Not always. They could have a brain fart. Or panic. Do you really want a panic-prone meatbag with your life in his/her hands? Consider Air France 447 and Korean Air 801, both pretty much caused by incompetence in otherwise-highly-seasoned pilots. Plus consider all the stuff you pass through or use everyday that probably doesn't have a human at the controls. There are driverless trains now. If given that you STILL trust the human, then you're basically trusting your gut over your brain unless you can demonstrate a situation where a human WILL beat the computer, 100% (thus proving Boeing's goal impossible, a la Turing's Halting Problem proof).

Charles 9

Re: Automated pilots?

If there's no in-flight entertainment on a transoceanic flight, there's probably going to be a passenger revolt. There's a reason they haven't banned ALL liquids from flights.

Who's behind the Kodi TV streaming stick crackdown?

Charles 9

"The market for media is global, there is no room for notions of regions and exclusive distribution is just a tool to enable price fixing/discrimination which in other industries would be outright illigal."

Yes, there is, in fact. In some countries, content some would find entertaining or at least acceptable would be considered illegal if not subversive (and thus extremely troublemaking). As long as countries have laws which they will back up to the hilt, global distribution will not happen because they'd sooner see the world end first.

Charles 9

Re: Providers are largely responsible.

"No wonder people are happy to get their content from other sources. Sky, TVNZ et al, if you won't want to show a program then don't buy the rights to it, let someone who will show it have it."

Have you ever thought they bought it so that it won't be seen AT ALL? AND they're willing to outbid everyone else to keep it that way? For them, the price of keeping it bottled up is probably less than the losses they would incur if it ever got out.

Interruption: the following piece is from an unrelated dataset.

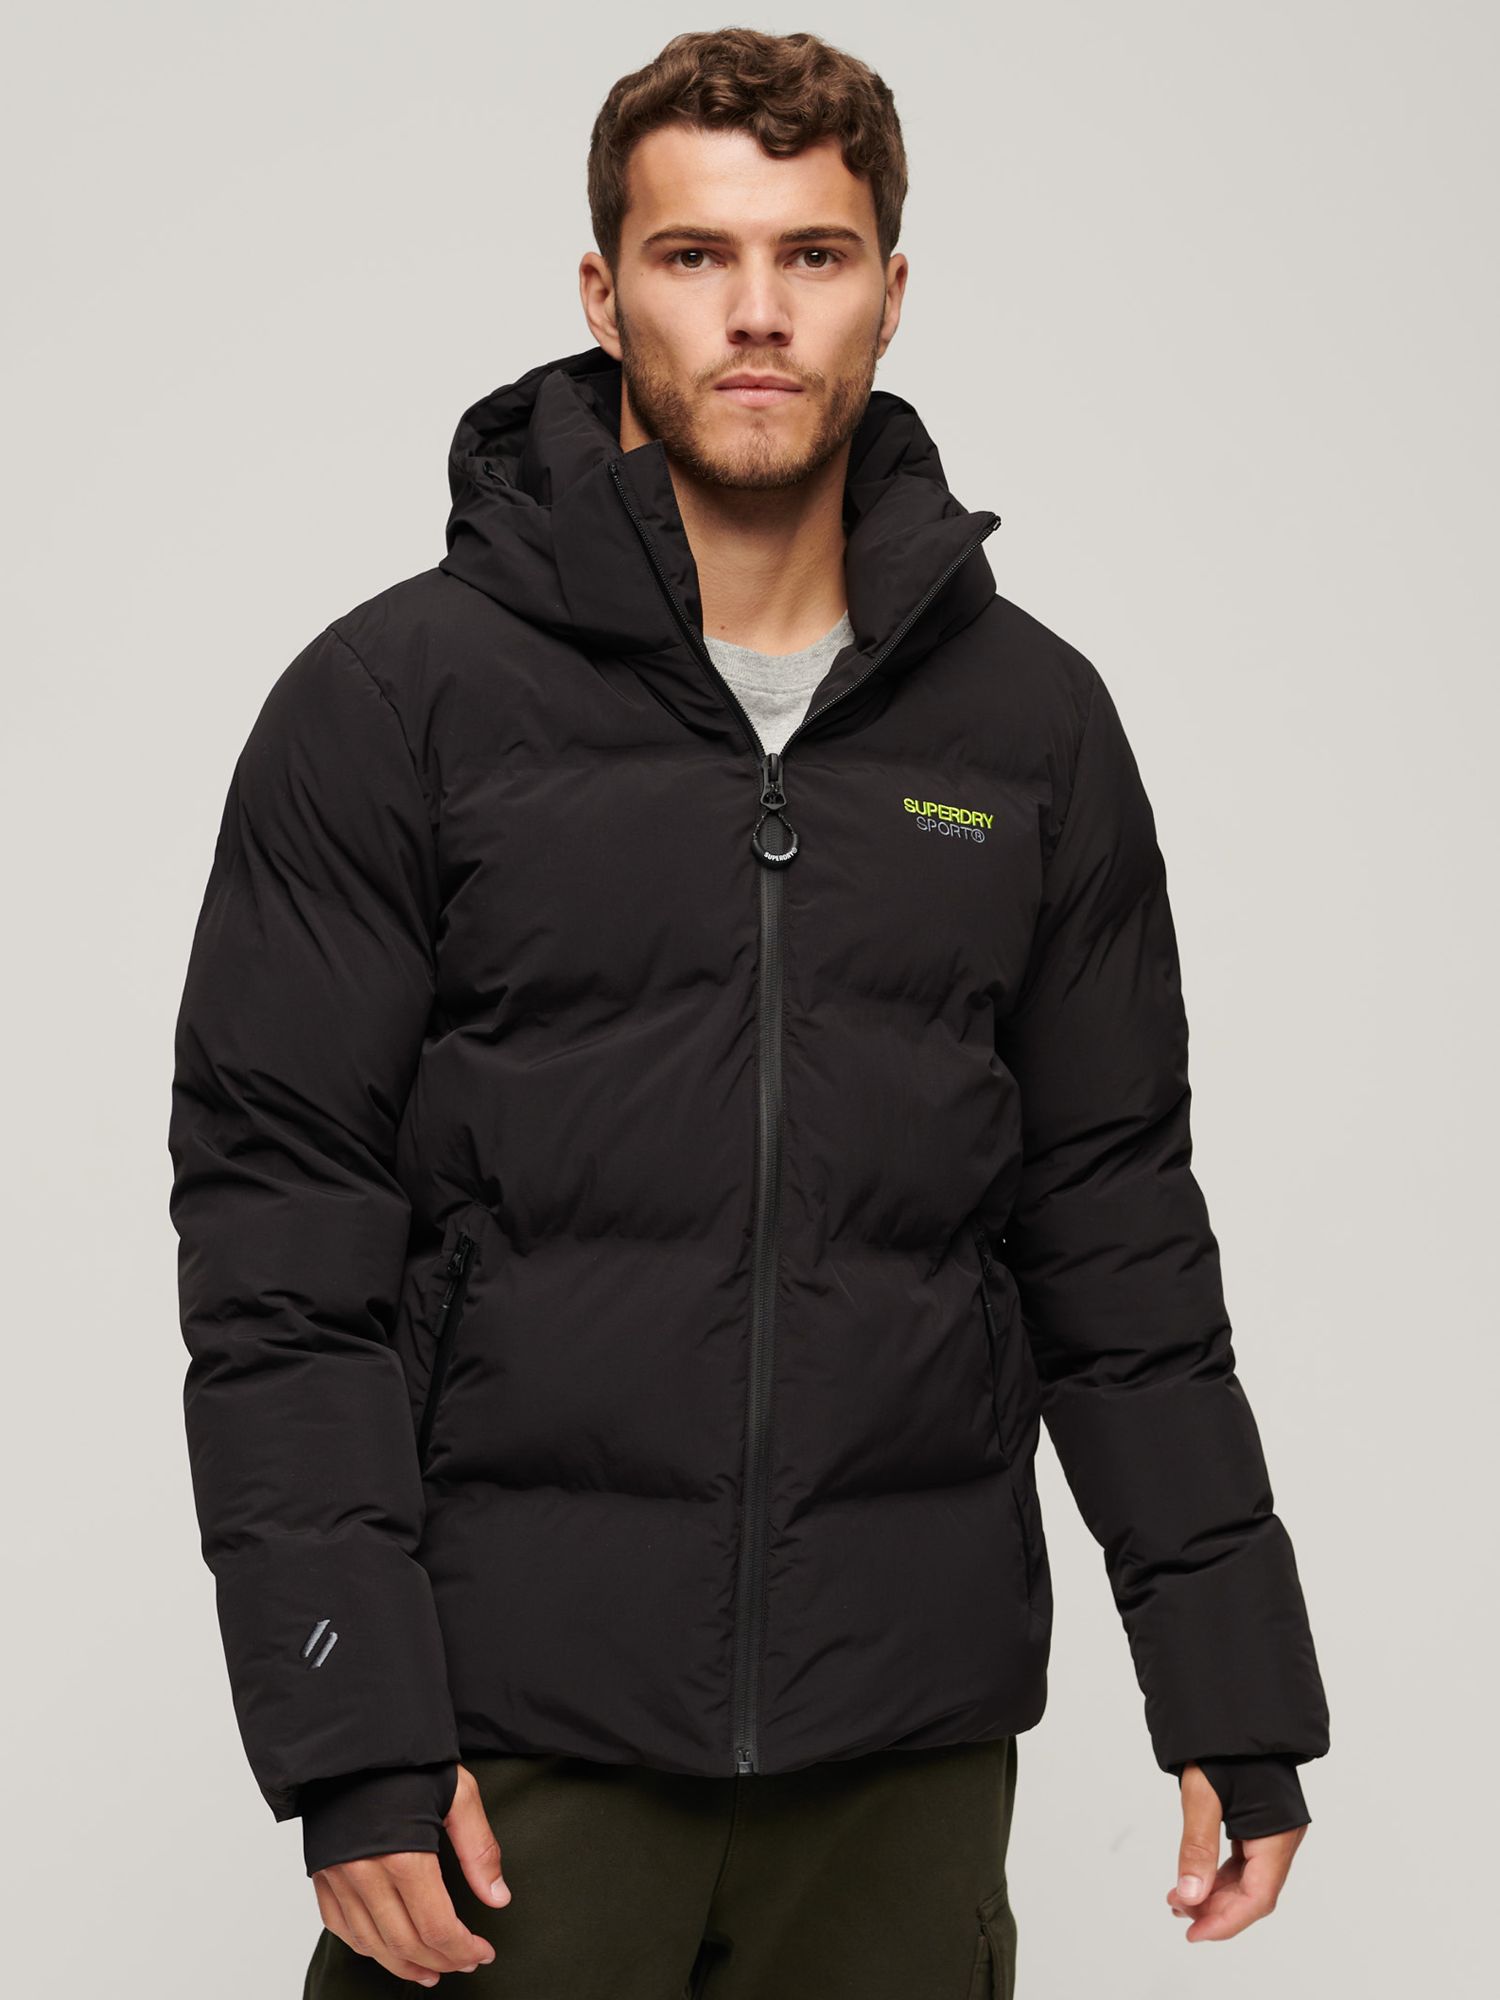 Superdry Hooded Boxy Puffer Jacket, Black at John Lewis & Partners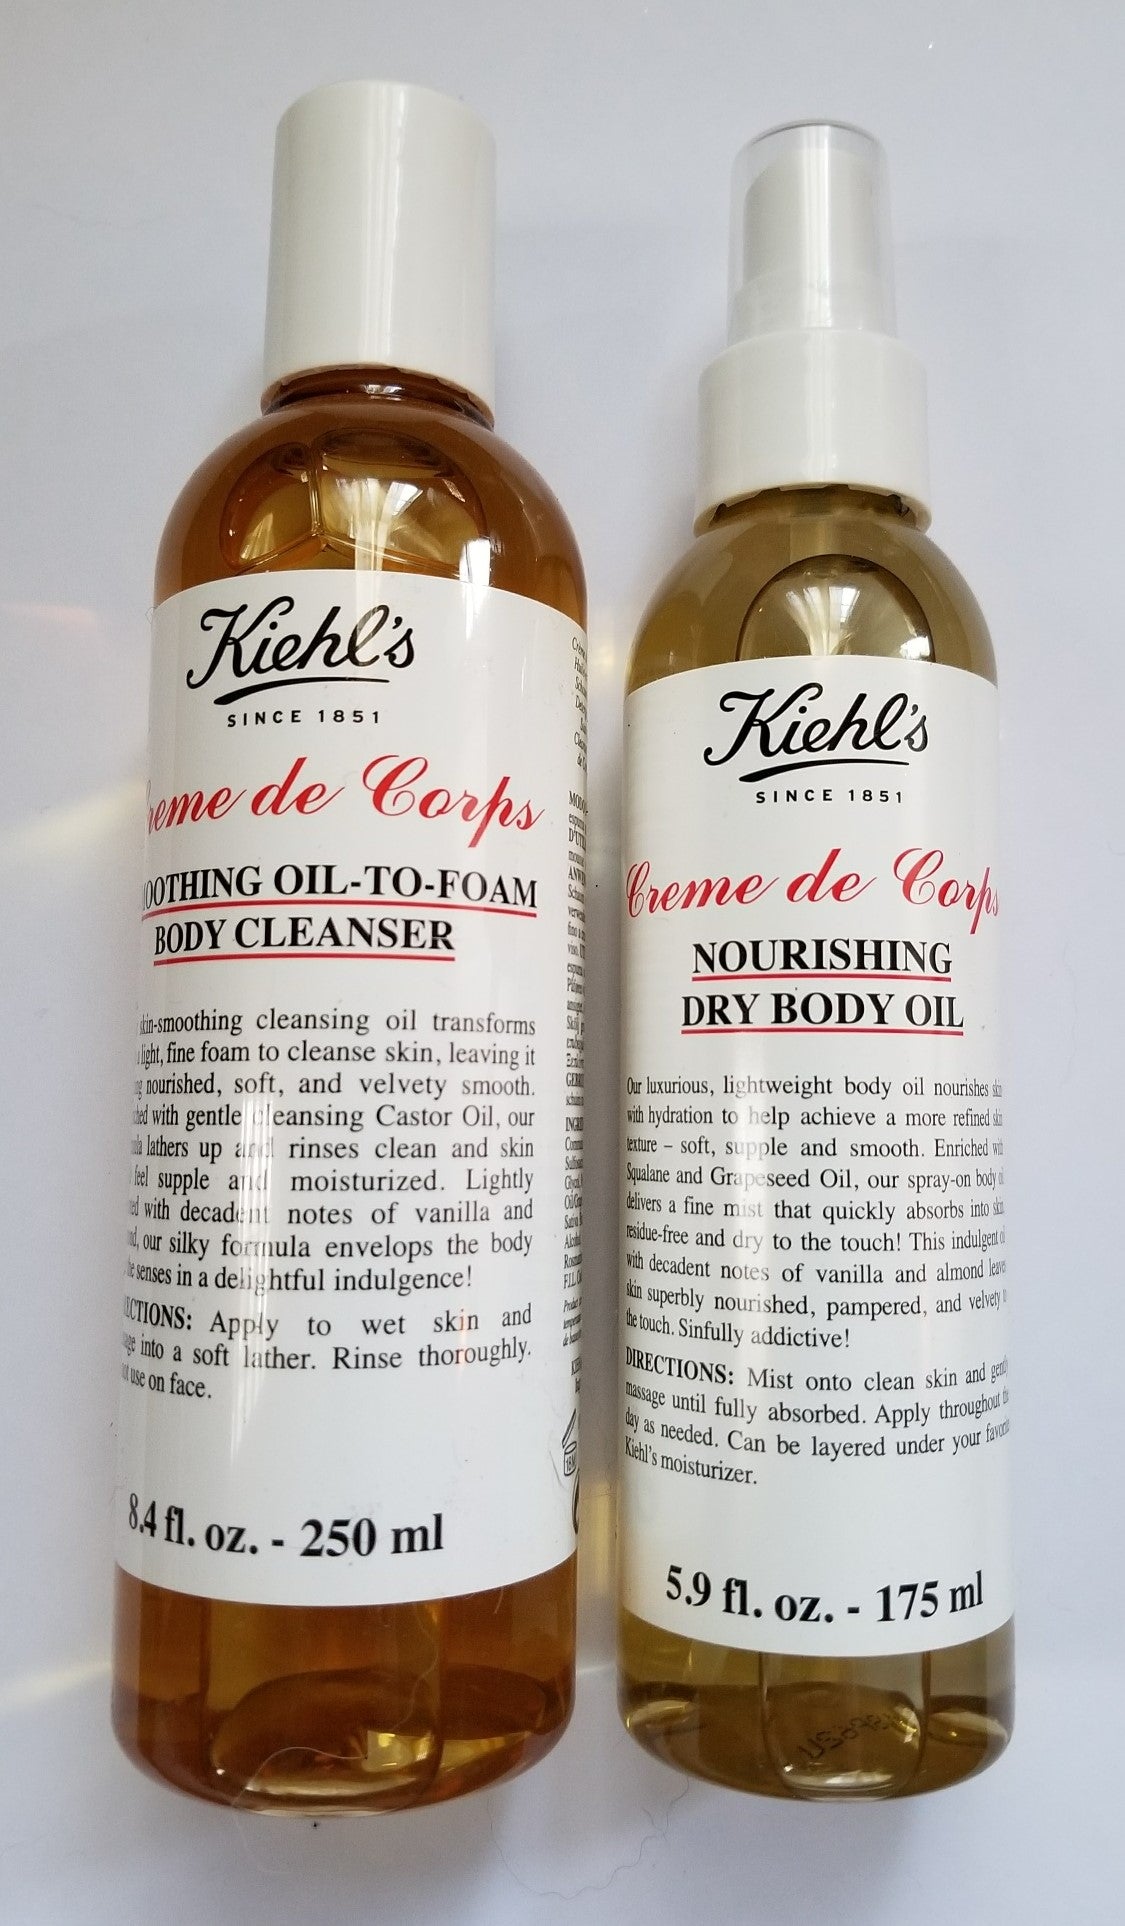 Review, Ingredients, Photos, Swatches, Skincare Trend 2017, 2018: Kiehl's Creme de Corps Smoothing Oil to Foam Body Cleanser, Creme de Corps Nourishing Dry Body Oil, Dry Skin, Moisturizer, Body Butter, Winter

PCIe speed to double by 2019 to 128GB/s

Charles 9

Re: Shoddy

Not really, as the slot design isn't long enough to make a 32-lane slot. GPUs are the traditional use case for something that needs all that bandwidth because the GPU chews through tons of data when running full out, so it's understood that the max bandwidth quoted is for a max-sized (16-lane) slot and provides a consistent metric. And while most network cards wouldn't need 16 lanes, an adapter for the emerging Ethernet standards probably would need it. Also, the trend in CPU and motherboard tech is to provide more of these lanes to accommodate more devices using them such as NVMe solid-state drives (these currently top out at 4x via the U.2 connector, but a future spec may expand this to improve performance).

When can real-world laws invade augmented reality fantasies? A trial in Milwaukee will decide

Charles 9

Re: Could you not argue rights of assembly?

Even the freedom of assembly can be restricted in the name of the greater good. That's why parades need to be organized and sanctioned. Even "impromptu" assemblies like picket lines usually are limited in where they can demonstrate. Fire codes impose occupancy limits for buildings to help prevent crushes in the event of an emergency, and so on.